Im gettin a good deal on a 3" angle head which looks pretty good to me.
The problem is it nameless and stickerless.

It needs two 3" carbide blades and I know where to buy them pretty cheap.

My question is will tape tech blades fit most standard angle heads?
Because the *blades* Im gettin a good deal on are tapetech

Also, do you recommend me doing it my self?
Or should a professional do it?

If I can do it my self can some one explain how?


----------



## taper71 (Dec 9, 2007)

Columbia has a excellent video up on their facebook page it shows you everything you need to know to do it yourself. TT blades should work in whatever angle head except goldblatt I believe.http://www.facebook.com/pages/Columbia-Taping-Tools/136562456385955


----------



## walltools (Sep 15, 2009)

DrywallFinisher said:


> Im gettin a good deal on a 3" angle head which looks pretty good to me.
> The problem is it nameless and stickerless.
> 
> It needs two 3" carbide blades and I know where to buy them pretty cheap.
> ...


Most carbide blades are interchangeable between brands. If you would like us to figure out what brand the angle head is, and install new blades for you, simply ship your Angle Head. We can set two new blades for you for $27.50, plus parts.
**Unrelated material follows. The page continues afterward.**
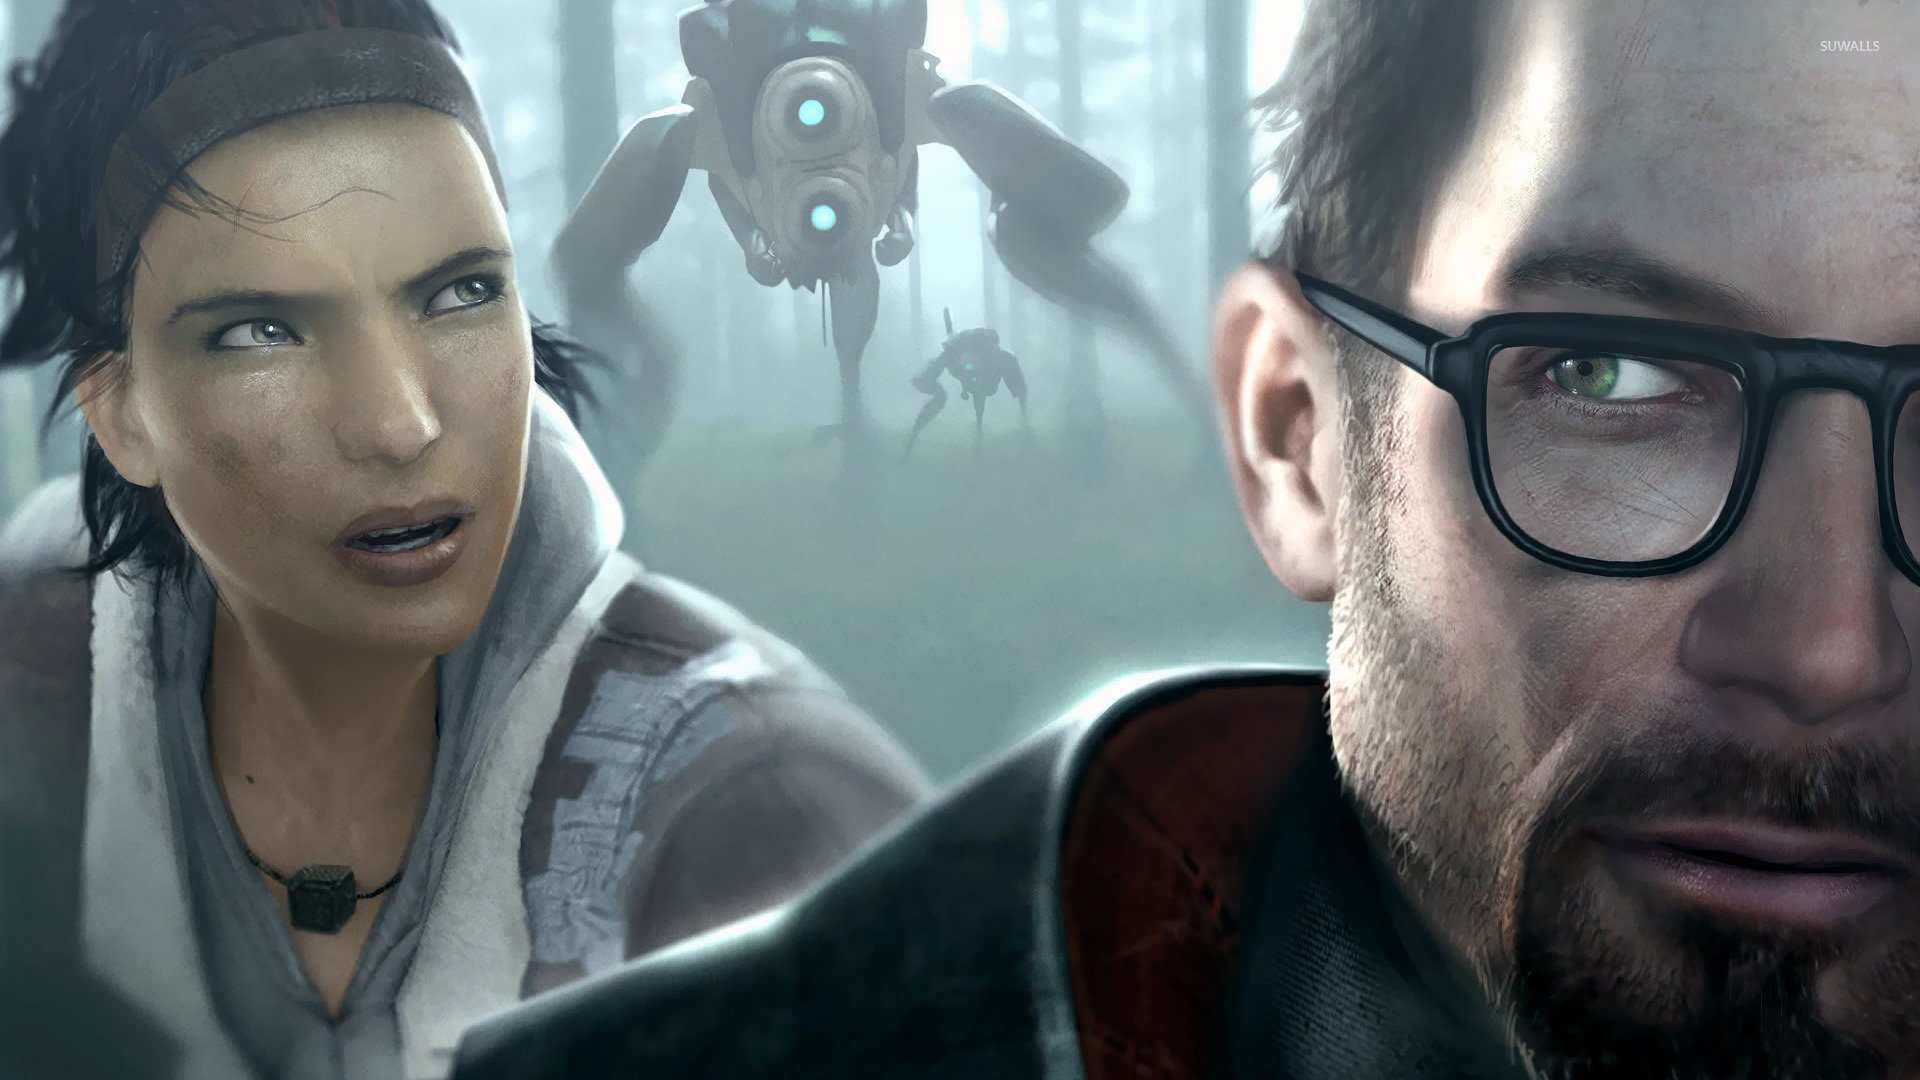 No VR? No worries. Half-Life: Alyx is now playable with a mouse

Call us anytime 877-WAL-TOOL.

And yes, Columbia Taping Tools has some awesome videos on how to set your own blades on their facebook site: http://www.facebook.com/#!/ColumbiaTapingTools :thumbup:

Here are some search results for carbide blades on walltools: http://www.walltools.com/store/catalogsearch/result/?q=carbide+blade&x=22&y=16


----------



## DrywallFinisher (Oct 17, 2010)

Thanks for the offer but I got a friend hooking me up with a pair of 3" TT blades for 12 or 6 bucks 

Thanks for the info guys!


----------